- _Problem statement_:
Your answer should repeat every record verbatim.

● ● ● ●

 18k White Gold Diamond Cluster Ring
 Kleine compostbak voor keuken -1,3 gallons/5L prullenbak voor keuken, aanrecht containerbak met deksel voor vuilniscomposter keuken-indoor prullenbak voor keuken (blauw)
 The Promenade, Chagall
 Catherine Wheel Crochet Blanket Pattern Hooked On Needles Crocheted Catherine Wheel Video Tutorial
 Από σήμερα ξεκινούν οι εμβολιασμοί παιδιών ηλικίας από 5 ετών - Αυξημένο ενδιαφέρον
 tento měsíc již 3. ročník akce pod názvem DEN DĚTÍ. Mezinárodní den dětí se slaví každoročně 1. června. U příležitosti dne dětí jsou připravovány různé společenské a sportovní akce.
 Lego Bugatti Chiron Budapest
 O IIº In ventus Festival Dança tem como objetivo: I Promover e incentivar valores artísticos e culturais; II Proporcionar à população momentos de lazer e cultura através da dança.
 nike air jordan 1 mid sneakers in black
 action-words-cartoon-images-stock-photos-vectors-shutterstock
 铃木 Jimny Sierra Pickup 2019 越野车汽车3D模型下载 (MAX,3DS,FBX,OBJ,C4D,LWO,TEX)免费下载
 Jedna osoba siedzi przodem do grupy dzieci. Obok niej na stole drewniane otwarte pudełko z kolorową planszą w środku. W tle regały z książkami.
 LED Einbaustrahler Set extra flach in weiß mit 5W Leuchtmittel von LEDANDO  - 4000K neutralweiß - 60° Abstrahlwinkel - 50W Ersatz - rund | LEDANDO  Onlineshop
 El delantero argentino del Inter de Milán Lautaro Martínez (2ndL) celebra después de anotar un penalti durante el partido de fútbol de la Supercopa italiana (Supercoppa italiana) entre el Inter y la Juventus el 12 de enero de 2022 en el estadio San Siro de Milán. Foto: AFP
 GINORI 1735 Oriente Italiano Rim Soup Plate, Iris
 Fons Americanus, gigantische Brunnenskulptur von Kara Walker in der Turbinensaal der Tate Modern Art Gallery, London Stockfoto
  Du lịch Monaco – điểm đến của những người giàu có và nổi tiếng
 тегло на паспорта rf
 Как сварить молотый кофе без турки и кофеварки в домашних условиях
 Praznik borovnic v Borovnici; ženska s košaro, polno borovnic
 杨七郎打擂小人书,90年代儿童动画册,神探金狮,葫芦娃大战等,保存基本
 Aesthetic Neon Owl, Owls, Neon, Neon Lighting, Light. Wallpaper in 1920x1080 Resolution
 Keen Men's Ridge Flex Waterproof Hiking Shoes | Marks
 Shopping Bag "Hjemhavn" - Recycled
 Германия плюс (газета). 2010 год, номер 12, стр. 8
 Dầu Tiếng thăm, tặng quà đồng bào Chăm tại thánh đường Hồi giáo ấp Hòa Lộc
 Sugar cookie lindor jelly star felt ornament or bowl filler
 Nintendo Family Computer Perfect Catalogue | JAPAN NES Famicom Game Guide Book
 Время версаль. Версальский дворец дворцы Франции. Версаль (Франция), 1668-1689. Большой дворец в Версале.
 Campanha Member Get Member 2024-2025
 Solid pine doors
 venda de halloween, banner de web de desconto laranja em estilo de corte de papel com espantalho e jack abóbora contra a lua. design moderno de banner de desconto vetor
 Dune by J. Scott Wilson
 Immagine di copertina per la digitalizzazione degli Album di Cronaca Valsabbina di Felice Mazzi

● ● ● ●

- _Written answer_:
 18k White Gold Diamond Cluster Ring
 Kleine compostbak voor keuken -1,3 gallons/5L prullenbak voor keuken, aanrecht containerbak met deksel voor vuilniscomposter keuken-indoor prullenbak voor keuken (blauw)
 The Promenade, Chagall
 Catherine Wheel Crochet Blanket Pattern Hooked On Needles Crocheted Catherine Wheel Video Tutorial
 Από σήμερα ξεκινούν οι εμβολιασμοί παιδιών ηλικίας από 5 ετών - Αυξημένο ενδιαφέρον
 tento měsíc již 3. ročník akce pod názvem DEN DĚTÍ. Mezinárodní den dětí se slaví každoročně 1. června. U příležitosti dne dětí jsou připravovány různé společenské a sportovní akce.
 Lego Bugatti Chiron Budapest
 O IIº In ventus Festival Dança tem como objetivo: I Promover e incentivar valores artísticos e culturais; II Proporcionar à população momentos de lazer e cultura através da dança.
 nike air jordan 1 mid sneakers in black
 action-words-cartoon-images-stock-photos-vectors-shutterstock
 铃木 Jimny Sierra Pickup 2019 越野车汽车3D模型下载 (MAX,3DS,FBX,OBJ,C4D,LWO,TEX)免费下载
 Jedna osoba siedzi przodem do grupy dzieci. Obok niej na stole drewniane otwarte pudełko z kolorową planszą w środku. W tle regały z książkami.
 LED Einbaustrahler Set extra flach in weiß mit 5W Leuchtmittel von LEDANDO  - 4000K neutralweiß - 60° Abstrahlwinkel - 50W Ersatz - rund | LEDANDO  Onlineshop
 El delantero argentino del Inter de Milán Lautaro Martínez (2ndL) celebra después de anotar un penalti durante el partido de fútbol de la Supercopa italiana (Supercoppa italiana) entre el Inter y la Juventus el 12 de enero de 2022 en el estadio San Siro de Milán. Foto: AFP
 GINORI 1735 Oriente Italiano Rim Soup Plate, Iris
 Fons Americanus, gigantische Brunnenskulptur von Kara Walker in der Turbinensaal der Tate Modern Art Gallery, London Stockfoto
  Du lịch Monaco – điểm đến của những người giàu có và nổi tiếng
 тегло на паспорта rf
 Как сварить молотый кофе без турки и кофеварки в домашних условиях
 Praznik borovnic v Borovnici; ženska s košaro, polno borovnic
 杨七郎打擂小人书,90年代儿童动画册,神探金狮,葫芦娃大战等,保存基本
 Aesthetic Neon Owl, Owls, Neon, Neon Lighting, Light. Wallpaper in 1920x1080 Resolution
 Keen Men's Ridge Flex Waterproof Hiking Shoes | Marks
 Shopping Bag "Hjemhavn" - Recycled
 Германия плюс (газета). 2010 год, номер 12, стр. 8
 Dầu Tiếng thăm, tặng quà đồng bào Chăm tại thánh đường Hồi giáo ấp Hòa Lộc
 Sugar cookie lindor jelly star felt ornament or bowl filler
 Nintendo Family Computer Perfect Catalogue | JAPAN NES Famicom Game Guide Book
 Время версаль. Версальский дворец дворцы Франции. Версаль (Франция), 1668-1689. Большой дворец в Версале.
 Campanha Member Get Member 2024-2025
 Solid pine doors
 venda de halloween, banner de web de desconto laranja em estilo de corte de papel com espantalho e jack abóbora contra a lua. design moderno de banner de desconto vetor
 Dune by J. Scott Wilson
 Immagine di copertina per la digitalizzazione degli Album di Cronaca Valsabbina di Felice Mazzi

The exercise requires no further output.